Thank you for your contribution! 🙏 We will review your PR as soon as possible.

While you are waiting, make sure to:

Add an entry in our changelog in alphabetical order and link related issue
Update the documentation, if needed
Add unit & e2e tests for your changes
GitHub checks are passing
Is the DCO check failing? Here is how you can fix DCO issues

Learn more about:

Our contribution guide

JorTurFer

Fantastic job! Congrats!
I have kept some comments inline and answering your points:

metrics are covered by e2e tests, so you have to update this file adding the new metrics
you've already done all the things related with the deprecation policy (after adding the change to the description), next steps have to be done once this is merged (opening issues, discussion, etc)

CHANGELOG.md

pkg/metricscollector/prommetrics.go

wonko · 2023-11-22T15:07:14Z

updated the e2e tests, didn't add anything for testing for the deprecation notice, seems silly to me to rework.

also made the needed changes in the webhook, as I only spotted those when going through the e2e tests.

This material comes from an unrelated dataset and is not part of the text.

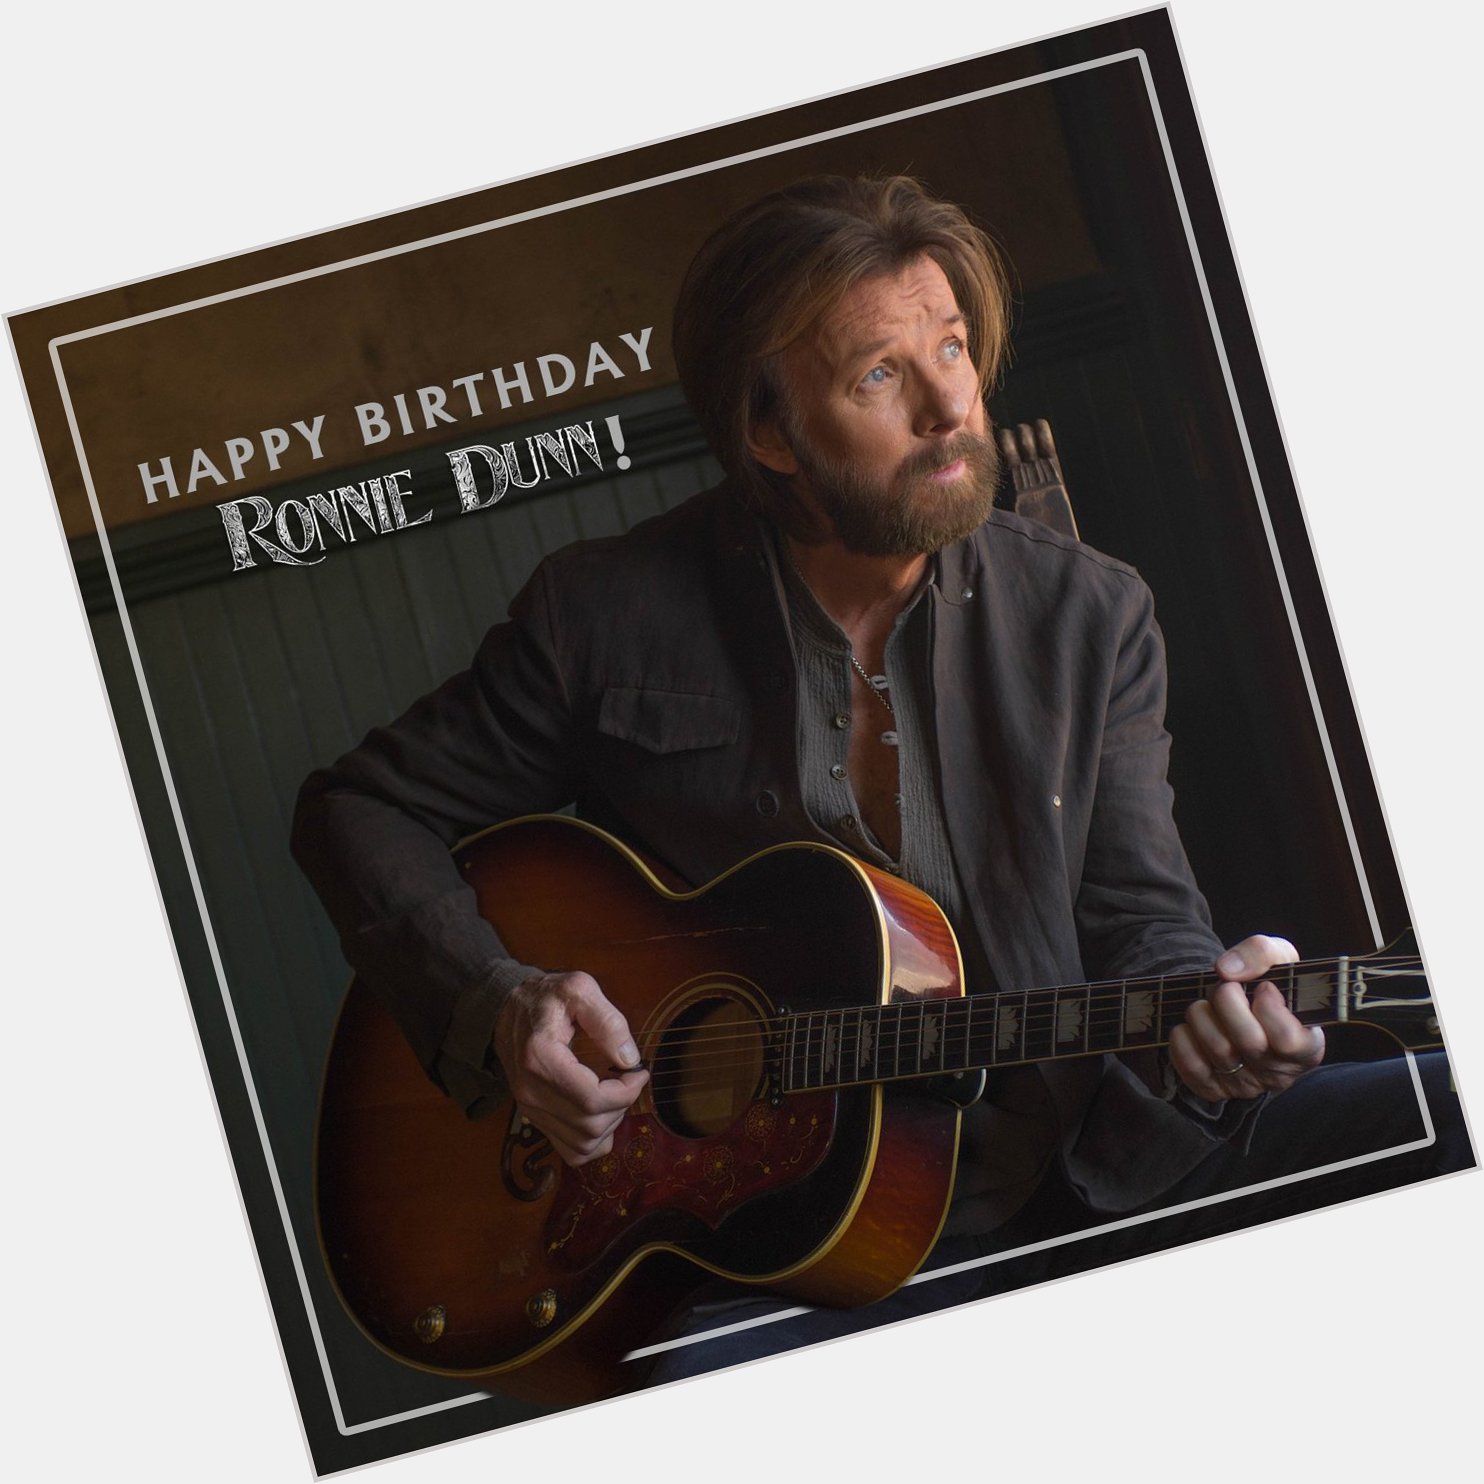 Please join us in wishing Ronnie Dunn a very Happy Birthday!

not able to run the e2e tests locally, fingers crossed this passes

wonko · 2023-11-22T15:33:44Z

tests fail, but I don't think it's the part I was fiddling with. Also, the ending newline in the json - no idea what's the idea there, my VSCode removes the newline, and a vim-edit seems to add one, but then it's one too many ...

zroubalik

Please fix the DCO as well: https://github.com/kedacore/keda/pull/5174/checks?check_run_id=18936172744

zroubalik · 2023-11-22T16:28:03Z

config/grafana/keda-dashboard.json

@@ -998,3 +998,4 @@
  "version": 8,
  "weekStart": ""
 }
+


remove this empty line please

JorTurFer · 2023-11-22T16:39:24Z

/run-e2e sequential
Update: You can check the progress here

Signed-off-by: Bernard Grymonpon <[email protected]> Signed-off-by: Bernard Grymonpon <[email protected]>

Signed-off-by: Bernard Grymonpon <[email protected]>

wonko · 2023-11-23T10:08:06Z

fixed the DCO and the newline - seems to be all green on those. E2E is out of my league ;-)

JorTurFer · 2023-11-24T13:18:11Z

pkg/metricscollector/opentelemetry.go

-func (o *OtelMetrics) RecordScalerLatency(namespace string, scaledObject string, scaler string, scalerIndex int, metric string, value float64) {
-	otelScalerMetricsLatencyVal.val = value
+func (o *OtelMetrics) RecordScalerLatency(namespace string, scaledObject string, scaler string, scalerIndex int, metric string, value time.Duration) {
+	otelScalerMetricsLatencyVal.val = value.Seconds()


Suggested change

otelScalerMetricsLatencyVal.val = value.Seconds()

otelScalerMetricsLatencyVal.val = value.Milliseconds()

I guess it's been settled that KEDA will use Seconds in opentelemetry metrics.

JorTurFer · 2023-11-24T13:18:19Z

pkg/metricscollector/opentelemetry.go

@@ -210,7 +211,7 @@ func (o *OtelMetrics) RecordScalableObjectLatency(namespace string, name string,
 		attribute.Key("type").String(resourceType),
 		attribute.Key("name").String(name))

-	otelInternalLoopLatencyVal.val = value
+	otelInternalLoopLatencyVal.val = value.Seconds()


Suggested change

otelInternalLoopLatencyVal.val = value.Seconds()

otelInternalLoopLatencyVal.val = value.Milliseconds()

I guess it's been settled that KEDA will use Seconds in opentelemetry metrics.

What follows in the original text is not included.